::: DATA EXCERPTS
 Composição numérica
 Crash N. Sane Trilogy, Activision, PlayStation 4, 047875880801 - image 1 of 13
::::::
::: DATA EXCERPTS
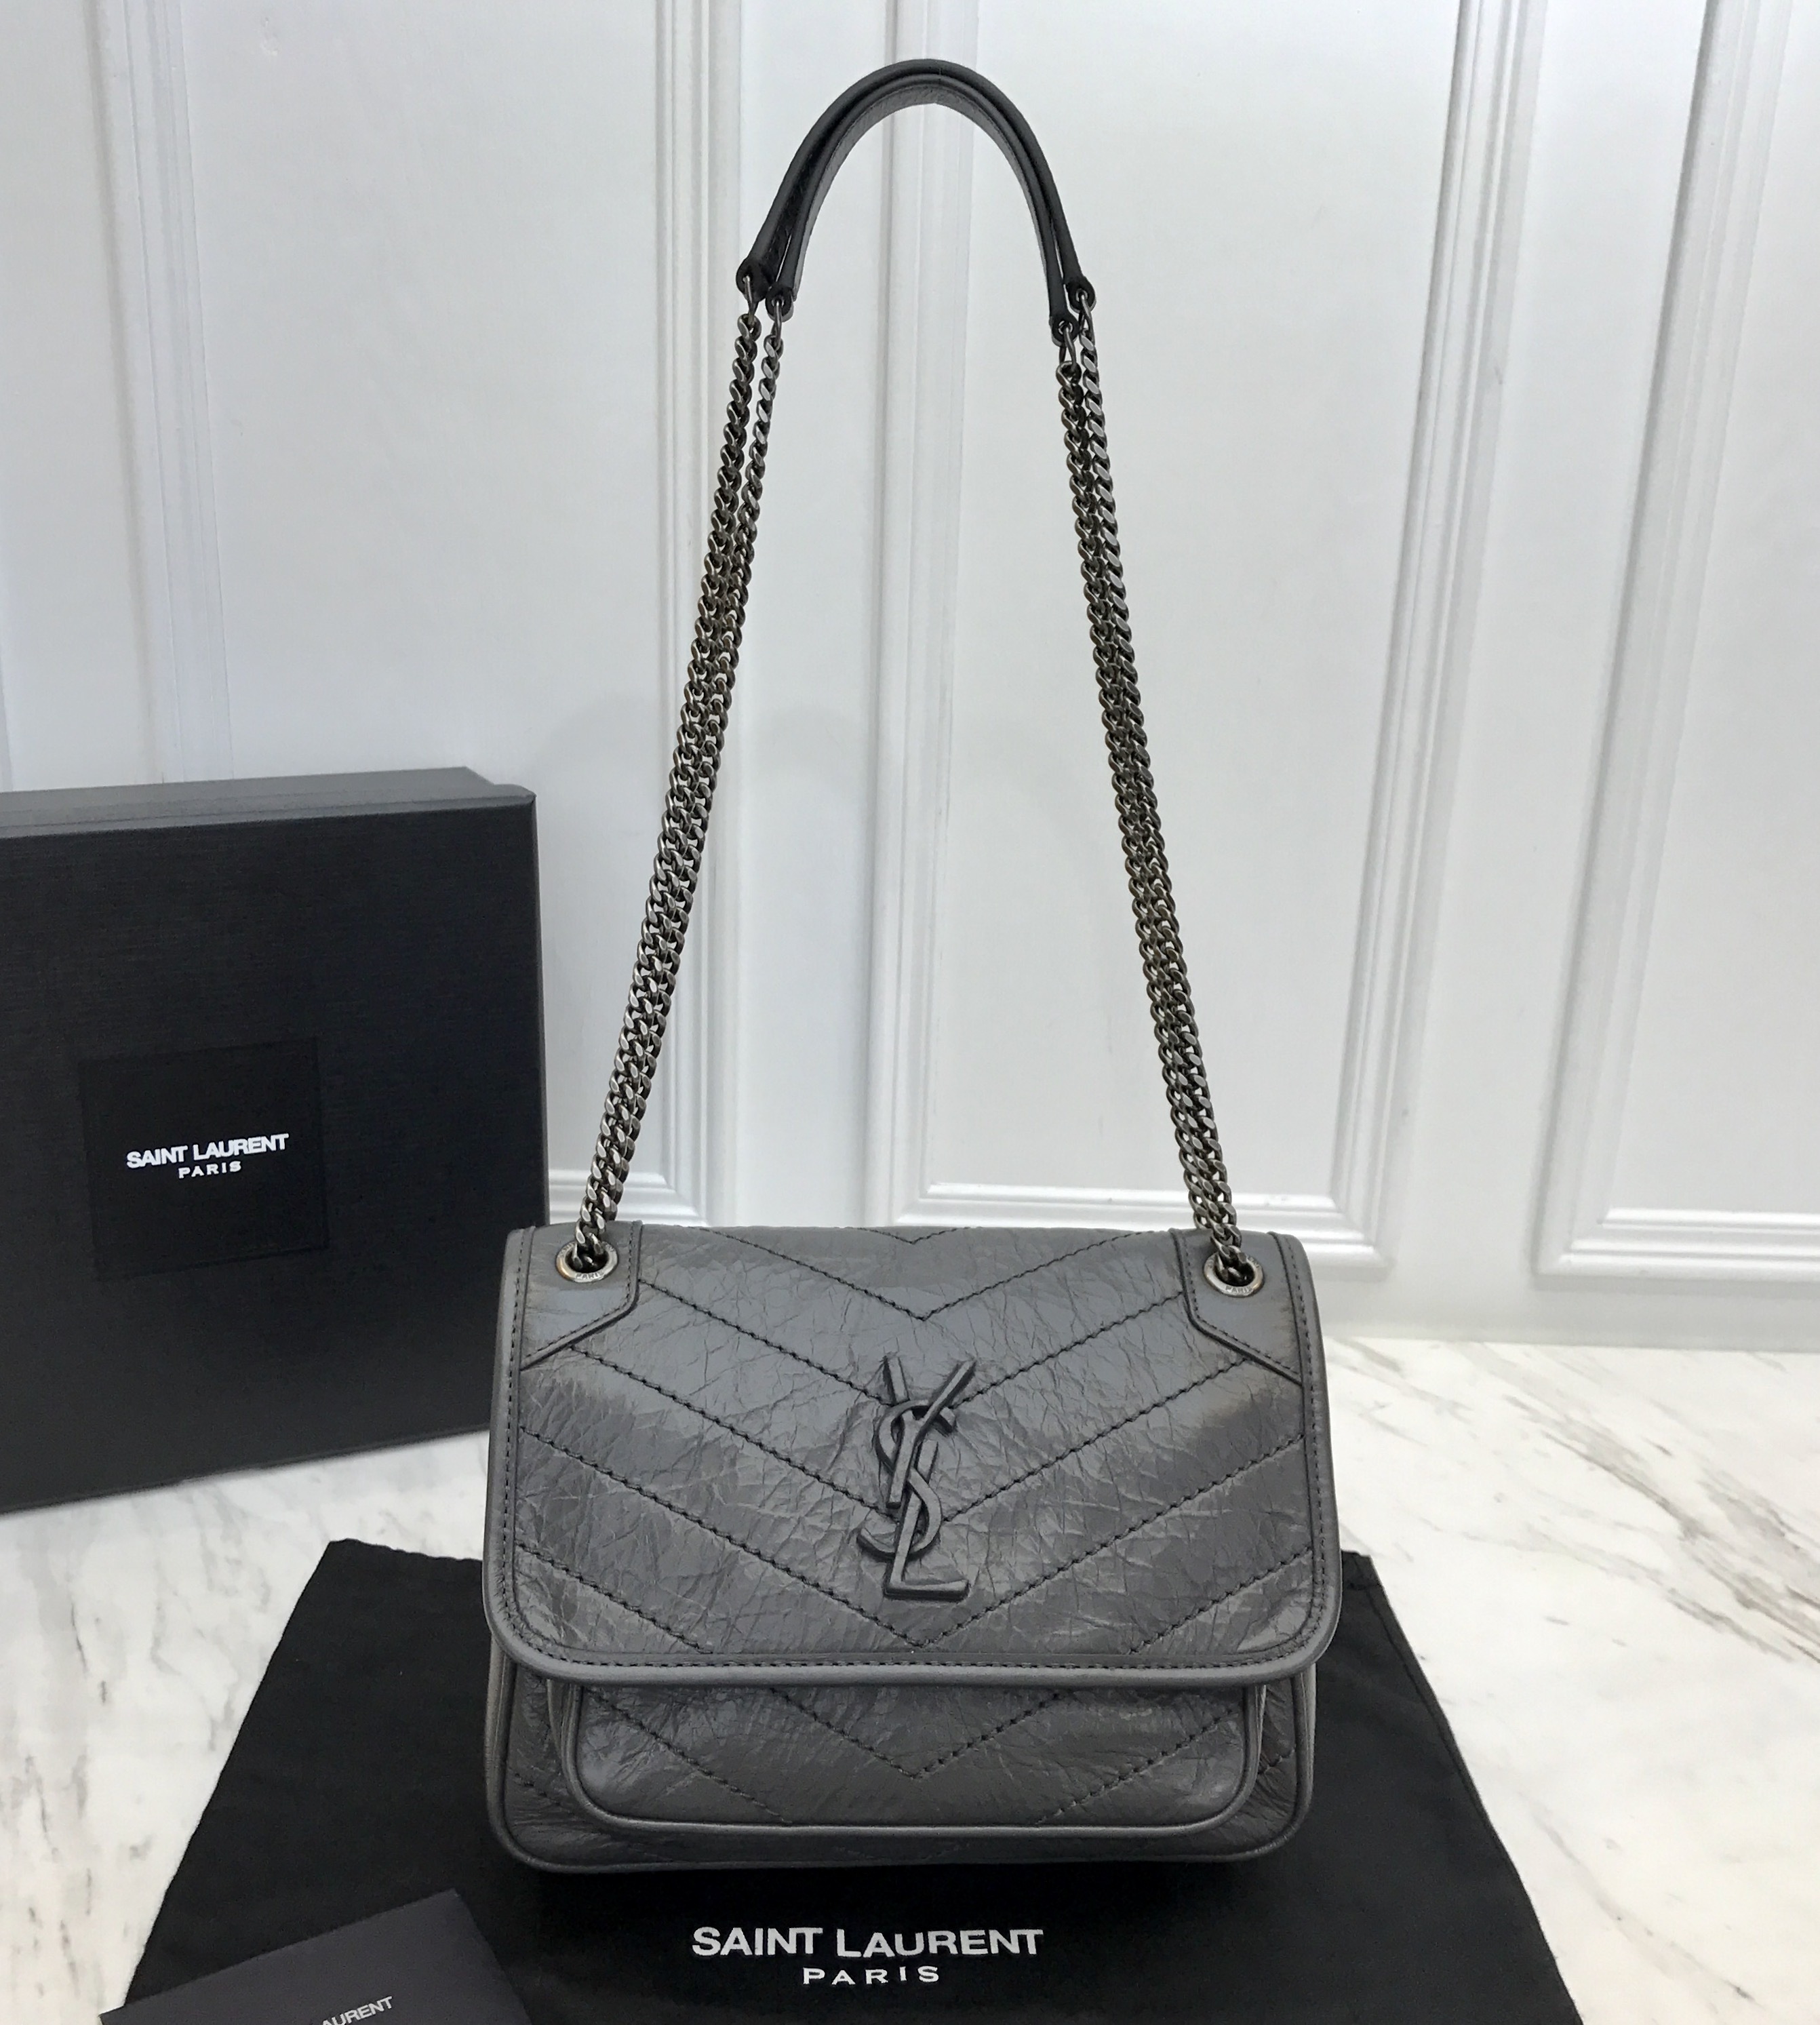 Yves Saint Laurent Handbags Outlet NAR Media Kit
::::::
Go to the line with "Composição numérica" in the entries above and repeat every line from there through the line with "Crash N. Sane", exactly and with no other text.

 Composição numérica
 Crash N. Sane Trilogy, Activision, PlayStation 4, 047875880801 - image 1 of 13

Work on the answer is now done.